Paid Ads

Search Engine Marketing Google Ads: Keywords for Ads Success

Master search engine marketing with Google Ads. Learn how to find profitable keywords for ads and dominate popular internet search engines with targeted campaigns.

December 28, 202513 min readBy Stephon Jacob
Businessman using smartphone with digital marketing and social media icons

Google processes 8.5 billion searches per day. Every one of those searches is someone raising their hand and saying "I need something." Search engine marketing — showing up when they search — is the closest thing to printing money that marketing has ever produced. But only if you do it right.

Most businesses bleed money on Google Ads because they skip the fundamentals. They bid on the wrong keywords, write lazy ad copy, and send traffic to their homepage. Here's how to do it properly.

Search Engine Marketing: The Foundation

SEM means paying to appear in search results. The two main players: Google Ads (90%+ market share) and Microsoft Bing Ads (worth running for older, higher-income demographics).

Unlike SEO — which can take months to show results — SEM delivers traffic today. That speed comes at a cost: you pay for every click. The skill is in making those clicks worth more than you paid for them.

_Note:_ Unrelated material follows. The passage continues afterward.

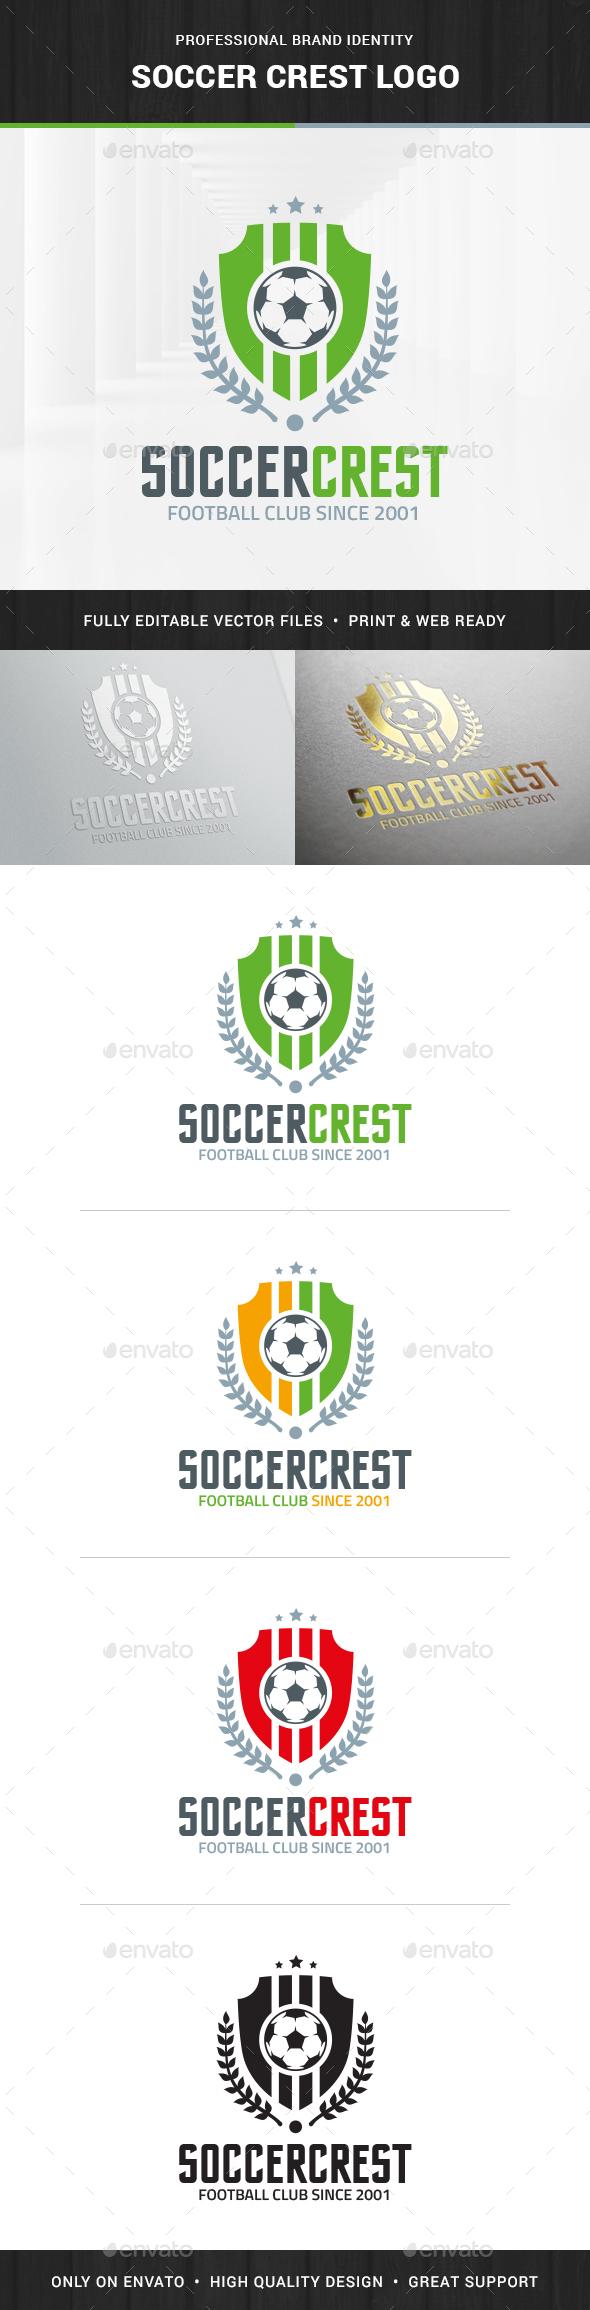 Soccer Crest Logo Template - Logo Templates

How to Find Profitable Keywords for Ads

Keywords are the foundation of every campaign. Choose wrong and nothing else matters. Here's the framework:

Start with intent, not volume

A keyword with 100 monthly searches and high buying intent is worth more than one with 10,000 searches and zero intent. "Best CRM for small service businesses" converts. "What is CRM" doesn't.

Use Google Keyword Planner (free)

Enter your product or service. Look for keywords with commercial intent — words like "buy," "hire," "best," "near me," "cost," "pricing," "vs." These indicate someone close to a decision.

Mine competitor keywords

Tools like SEMrush and SpyFu show you exactly what keywords your competitors are bidding on. If they've been running the same keywords for months, those keywords are probably profitable.

Think long-tail

"Marketing agency" is expensive and vague. "B2B marketing agency for SaaS companies in Austin" is cheaper, more specific, and attracts exactly the right customer. Long-tail keywords typically convert at 2-3x the rate of broad terms.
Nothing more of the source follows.